Recorded information Start Marker
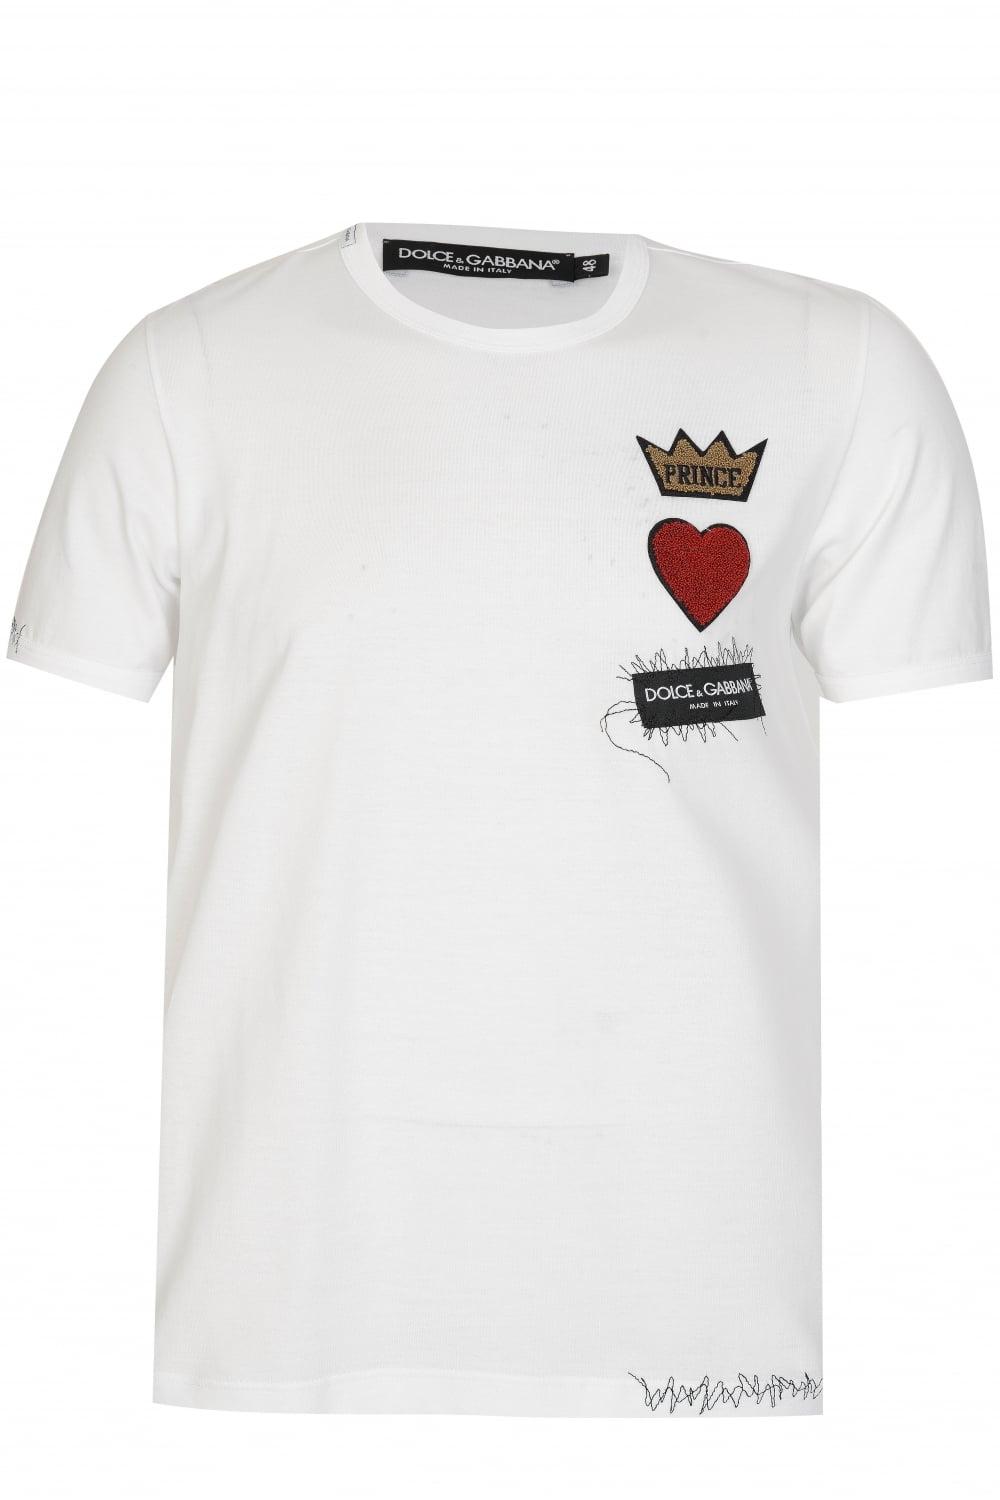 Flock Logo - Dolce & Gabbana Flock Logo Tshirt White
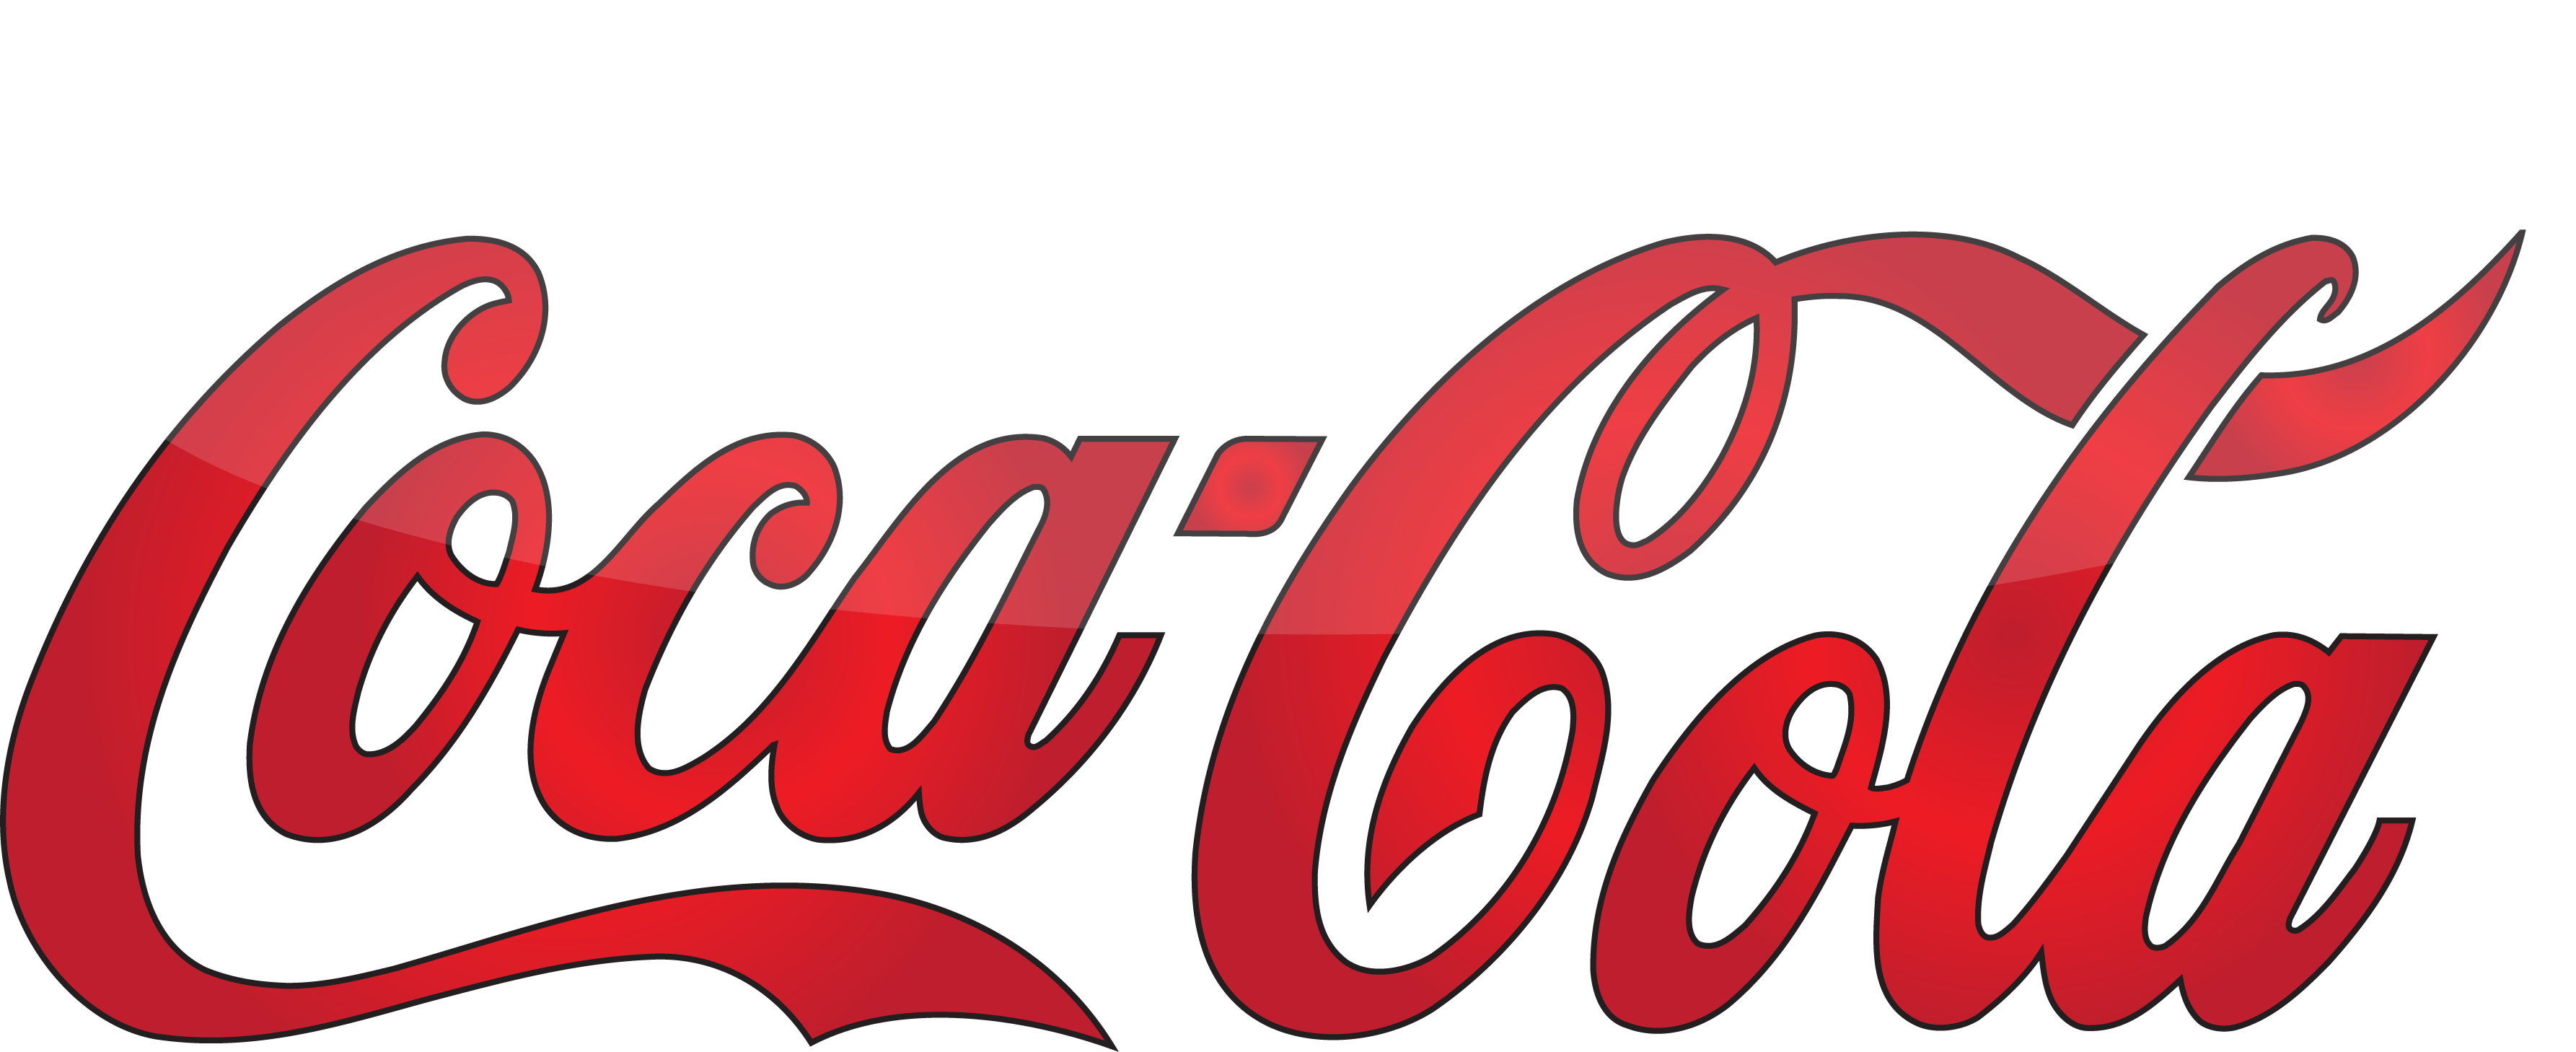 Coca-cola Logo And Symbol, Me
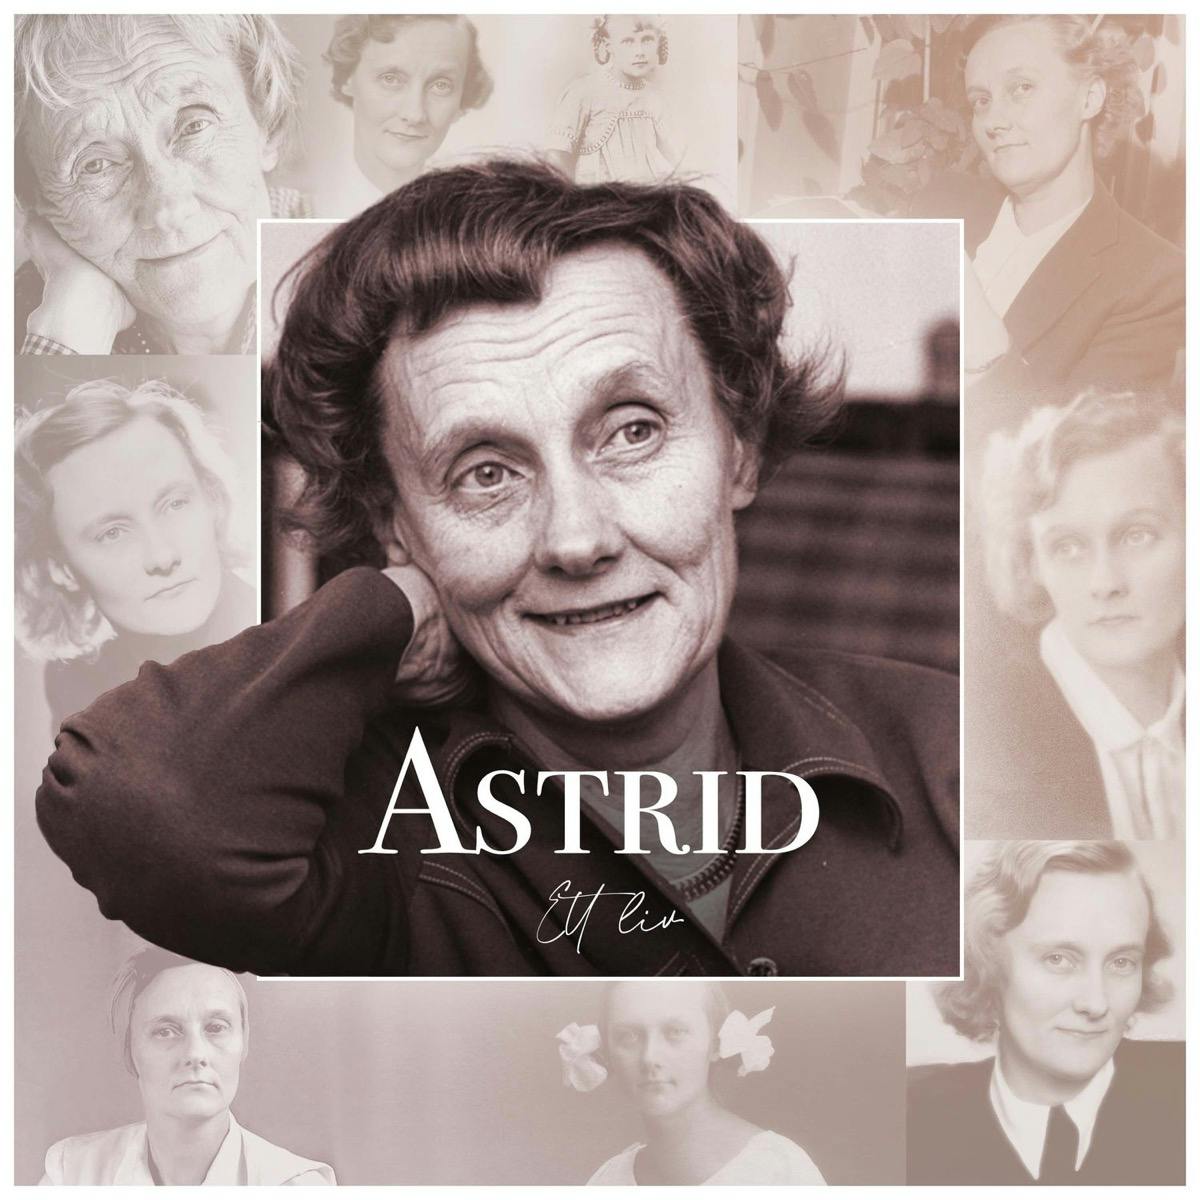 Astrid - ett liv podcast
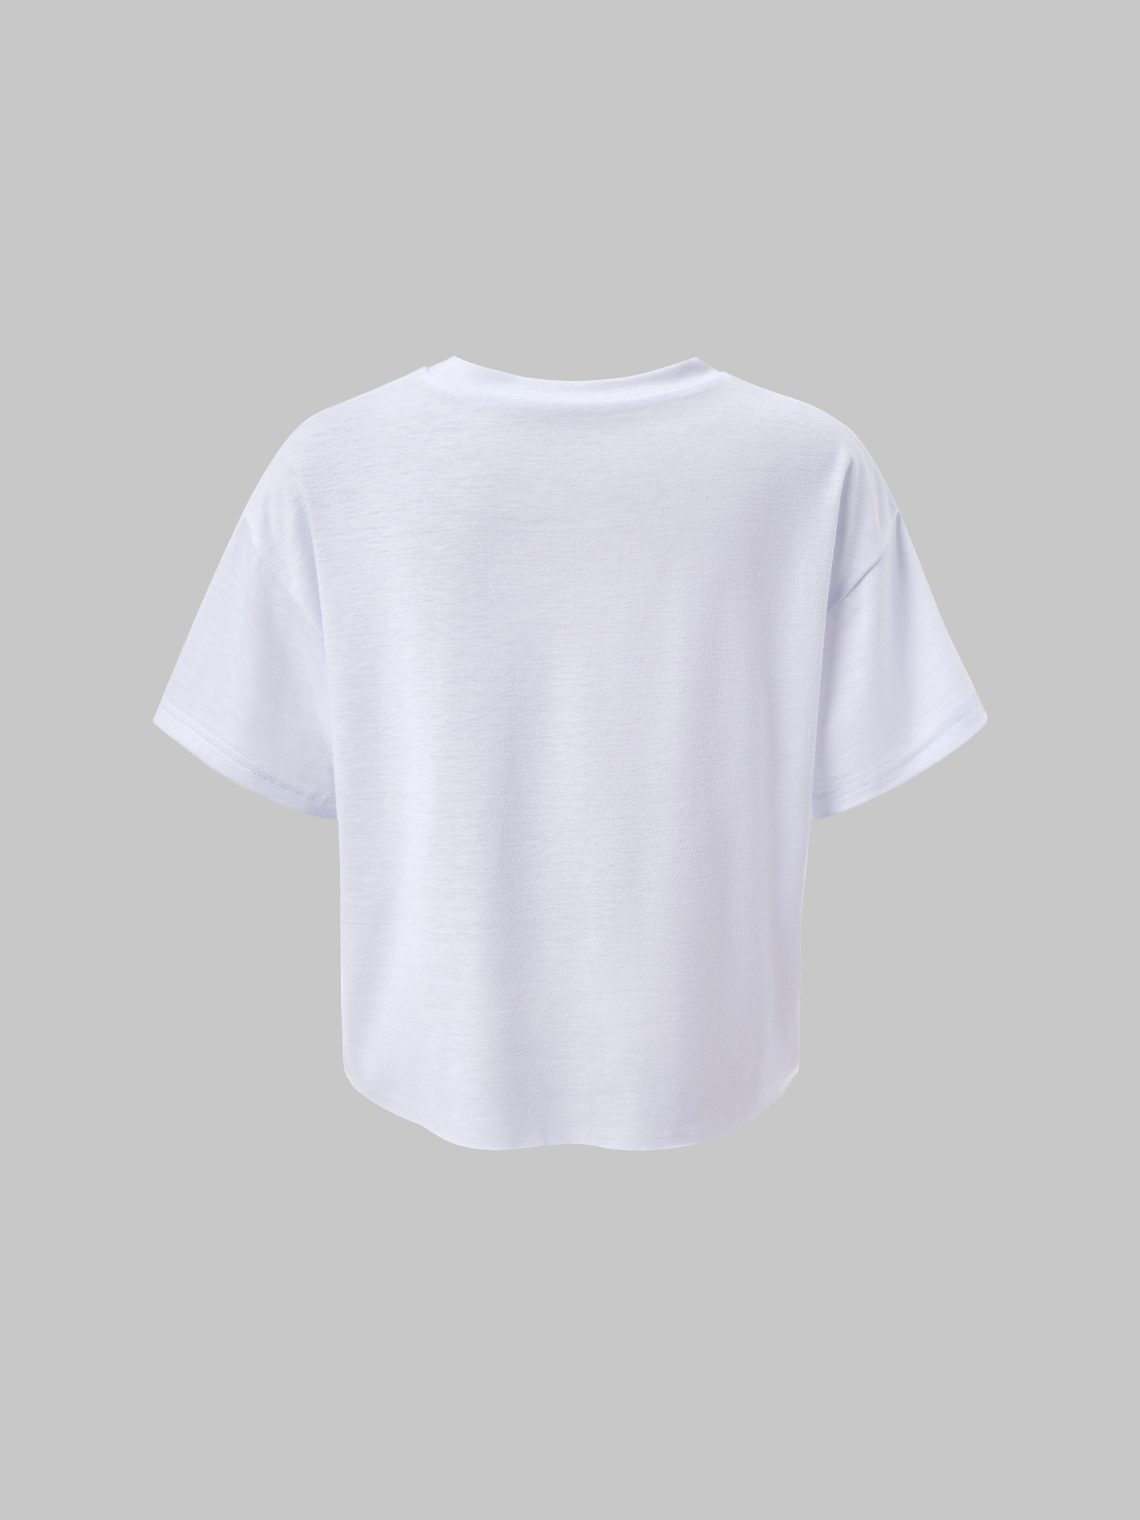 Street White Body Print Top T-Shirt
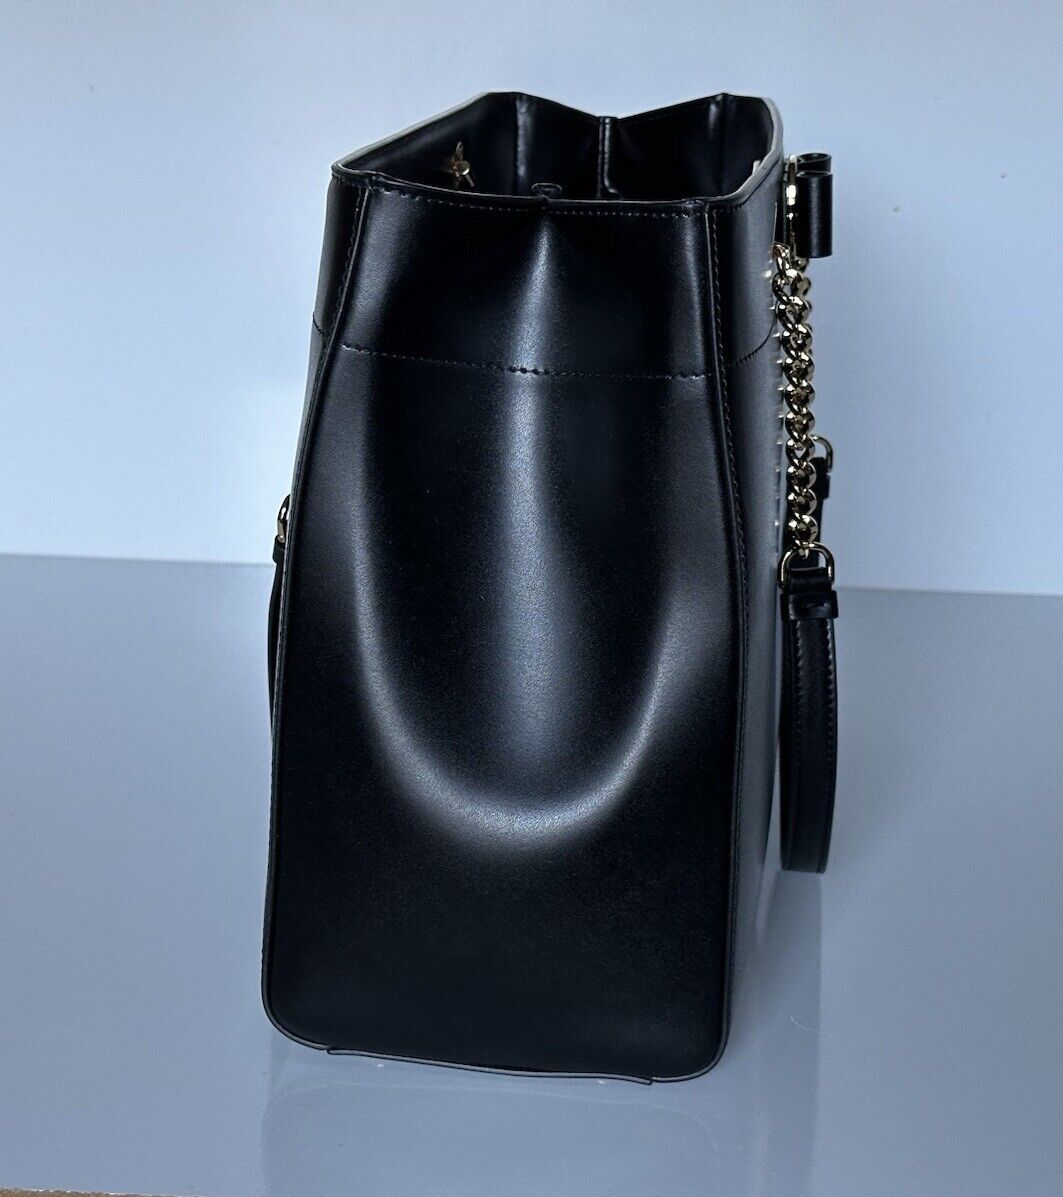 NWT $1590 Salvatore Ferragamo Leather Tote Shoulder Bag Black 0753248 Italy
Recorded information End Marker
Task statement: Where a record holds a picture, skip the picture and copy everything else exactly.

Written solution:
 Flock Logo - Dolce & Gabbana Flock Logo Tshirt White
 Coca-cola Logo And Symbol, Me
 Astrid - ett liv podcast
 Street White Body Print Top T-Shirt
 NWT $1590 Salvatore Ferragamo Leather Tote Shoulder Bag Black 0753248 Italy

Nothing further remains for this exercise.